If yours is a multi-owner LLC, you and your co-owners will also report your income from the LLC on your individual income tax returns, Form 1040. But in this situation, even though the LLC itself doesn't pay any income taxes, it does have to file an informational return, IRS Form 1065, each year (the same tax form used by partnerships). The LLC attaches a Schedule K, which reports the total profits, losses, credits and deductions allocated to the owners. In addition, the LLC must prepare a Schedule K-l for each owner, which reports that owner's share of profits, losses and other items shown on the Schedule Ê form. Each owner in turn attaches a copy of the Schedule K-l to her 1040, and uses the information on the K-l to report LLC profits on her individual 1040 form.

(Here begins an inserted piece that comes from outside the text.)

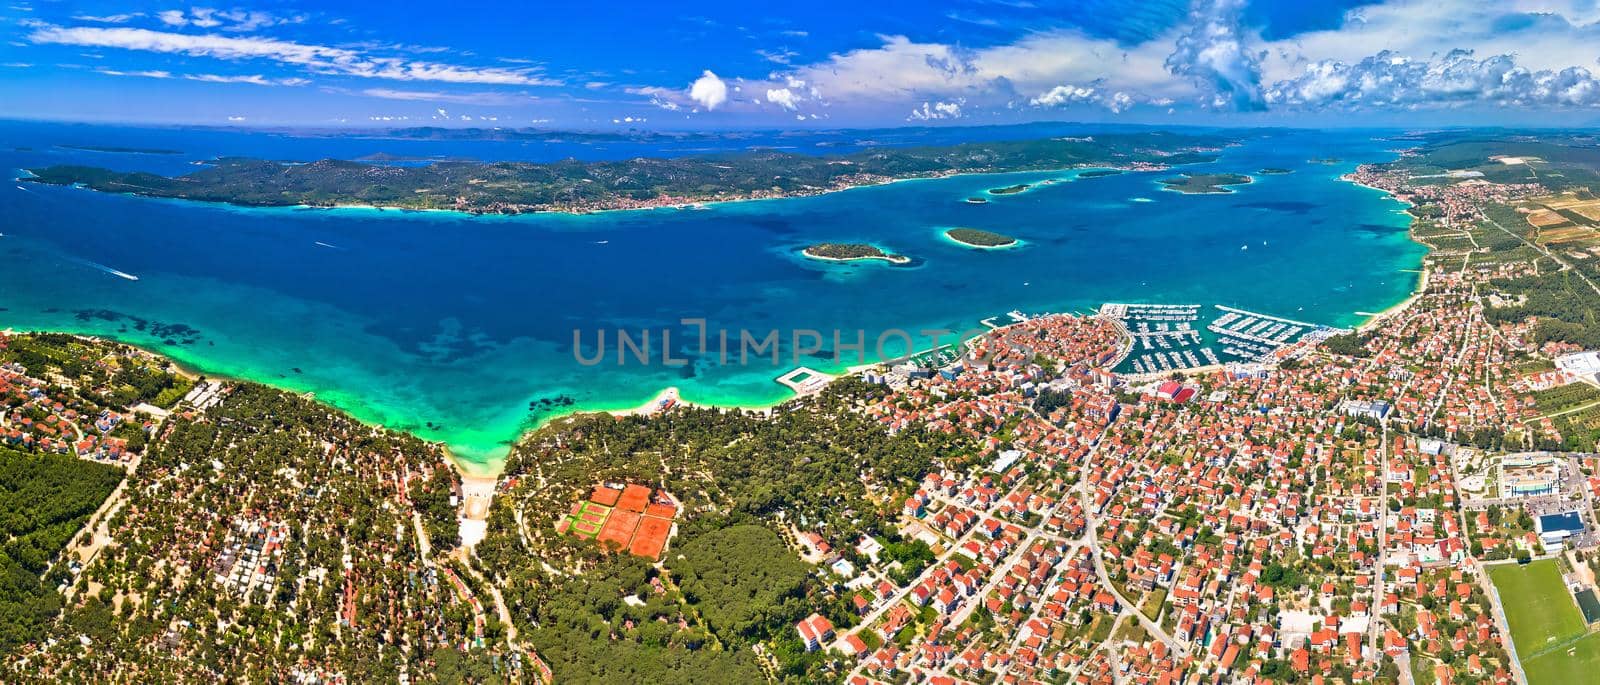 Biograd na Moru archipelago panoramic aerial view by xbrchx

FOR LLCS WITH CORPORATE TAX TREATMENT
If your LLC elects corporate tax treatment (by filing IRS Form 8832), the IRS will treat it as a separate taxable entity. The LLC will have to file a corporate tax return, IRS Form 1120, Corporate Income Tax Return, and estimate and pay its own income taxes, at the appropriate corporate tax rate.
STATE TAXES
Most states follow the federal lead and classify your LLC the same way the IRS does. This normally means that, unless you file IRS Form 8832 to elect LLC corporate tax treatment, your LLC will be treated as a pass-through entity at the state level, thereby avoiding the payment of entity-level (LLC) income taxes. Just as with the IRS, the members themselves will pay state income taxes on LLC profits and salaries (assuming your state has a personal income tax). However, even if your LLC itself won't be subject to state entity-level income taxes, it may have to file a state informational return or submit a copy of its federal tax return to the state business tax office.

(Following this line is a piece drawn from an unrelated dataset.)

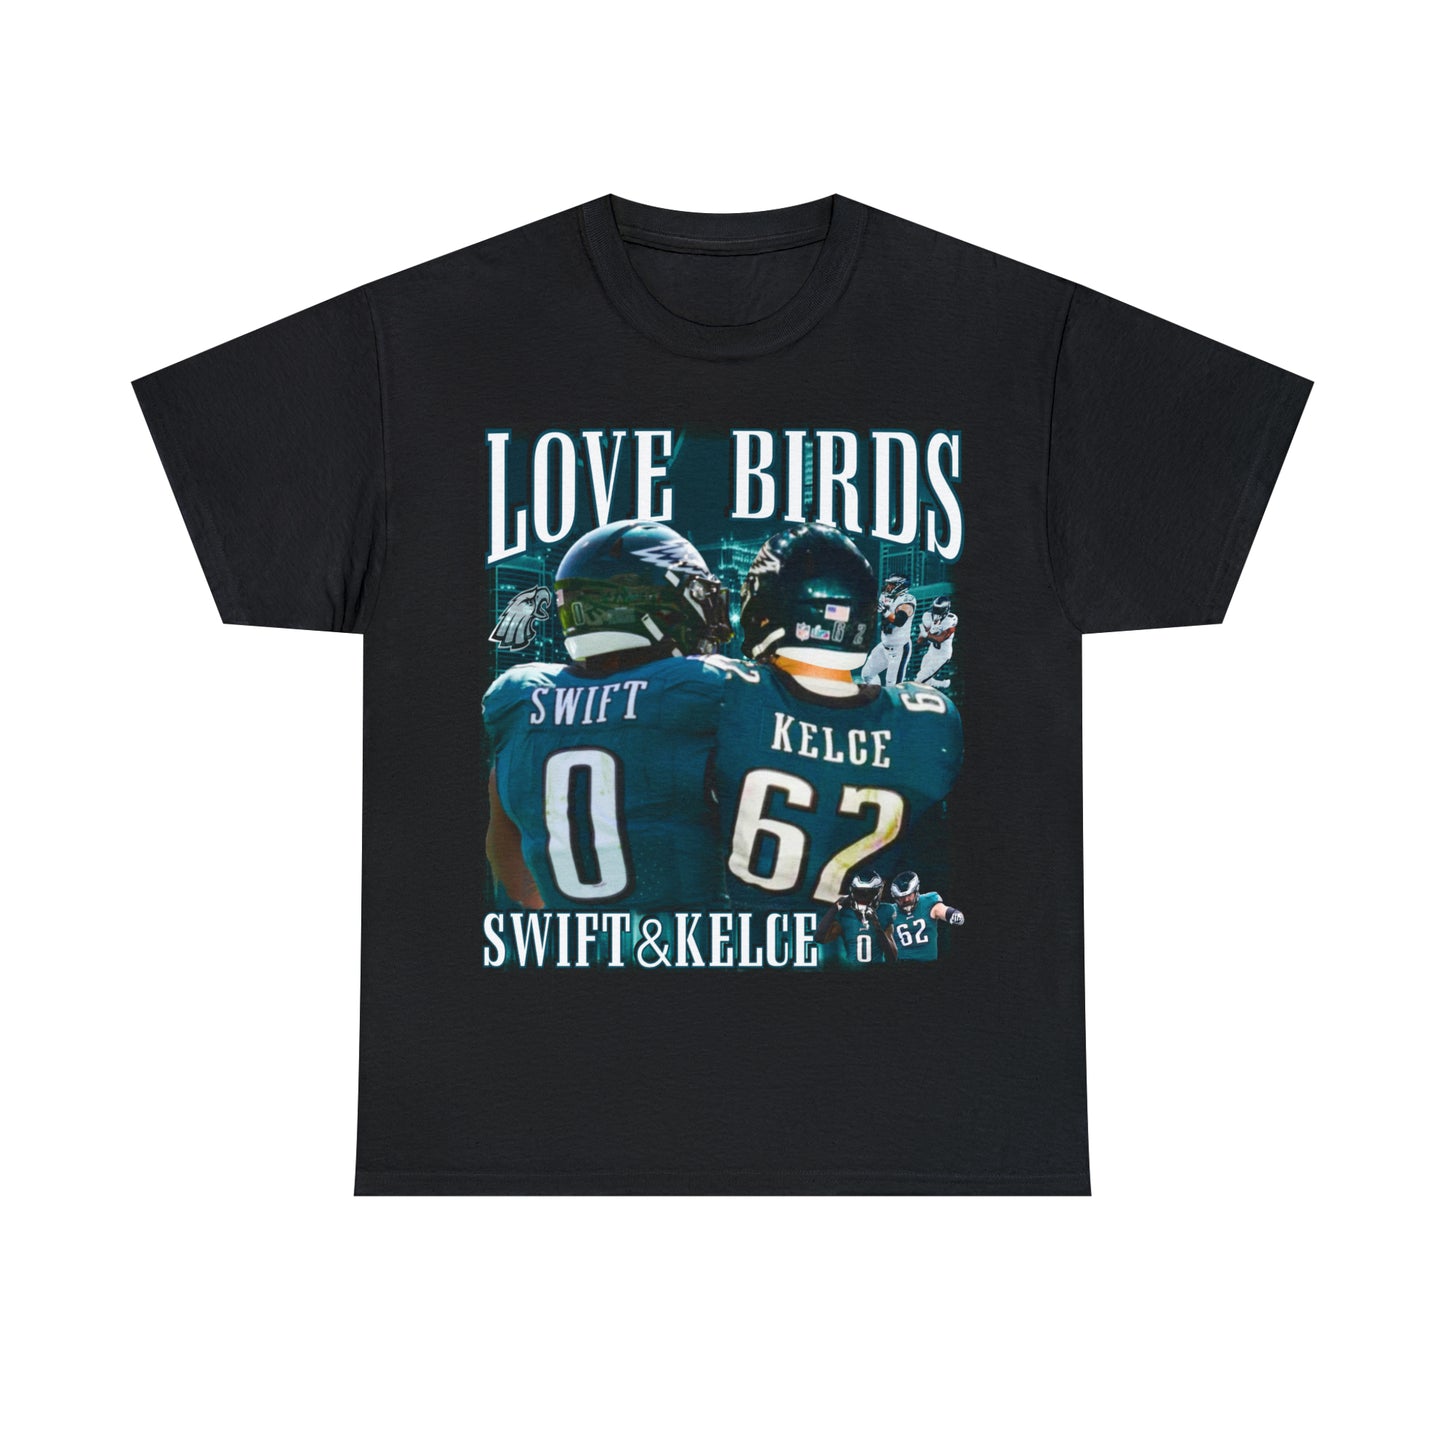 LOVE BIRDS SWIFT & KELCE

SOME STATES CHARGE AN ANNUAL LLC FEE OR TAX
California, Florida and Michigan are among a handful of states that charge an annual entity-level fee (often confusingly called a tax), regardless of the LLC's income tax status. In some of these states, the fee is a flat yearly amount; in others it is graduated, depending on the gross income or net profits of the LLC. Contact your state's Department of Taxation or Franchise Tax Board for details.

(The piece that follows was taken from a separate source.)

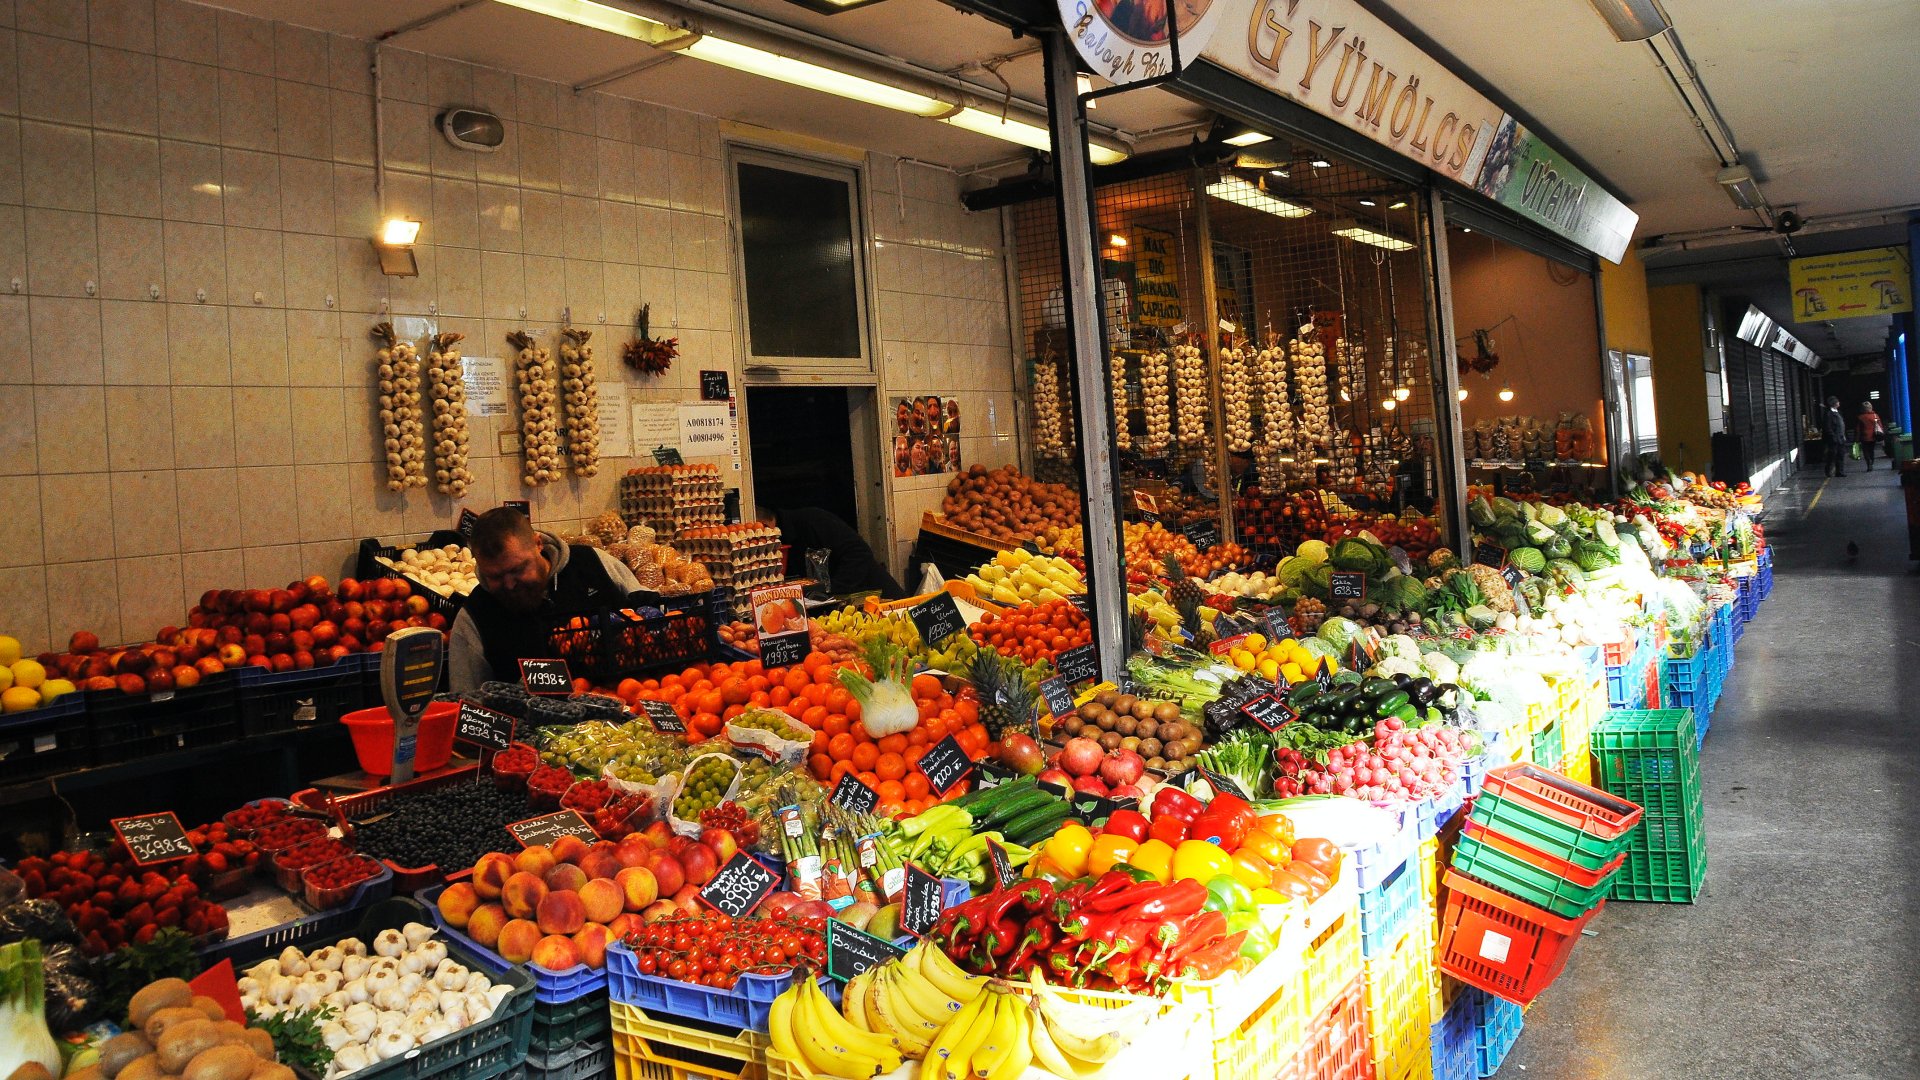 Zöldség- és gyümölcs kínálat a Fény utcai piacon, amely a fõváros II. kerületében a Lövõház-Fény és Retek utcák által határolt területen fekszik

If your LLC will have to pay a state franchise tax or state income taxes, you'll have to make estimated tax payments. Like federal income taxes, state franchise or income taxes usually must be prepaid in four installments during the tax year, with the first payment consisting of any minimum amount charged. If you miss making estimated tax payments, you will be charged penalties and interest. In some states, your LLC status can be suspended if you fail to pay these state taxes for a few years.
EMPLOYMENT TAX FILINGS
Your LLC will need to obtain a federal employer identification number (FEIN) using IRS Form SS-4 and to register as an employer in your state. For salaried workers, your LLC must withhold, report and pay: federal and, if applicable, state income taxes; federal employment taxes (unemployment, Social Security and Medicare taxes), and state payroll taxes (state unemployment, disability and workers' compensation insurance).
LLC members who receive a share of LLC profits are not legally treated as employees unless they also receive a guaranteed salary or other guaranteed compensation, such as interest payments. If LLC owners simply share in LLC profits without receiving any guaranteed payments, the LLC will still have to file for a federal employer identification number, but it won't have to pay employment and payroll taxes. Ask your tax advisor if you have questions.
OTHER STATE AND LOCAL TAX FILINGS
State sales tax, use tax and county property tax payments apply to LLCs. Counties and cities also may impose local and regional taxes. Check with your county and city tax offices for current information on reporting and payment requirements.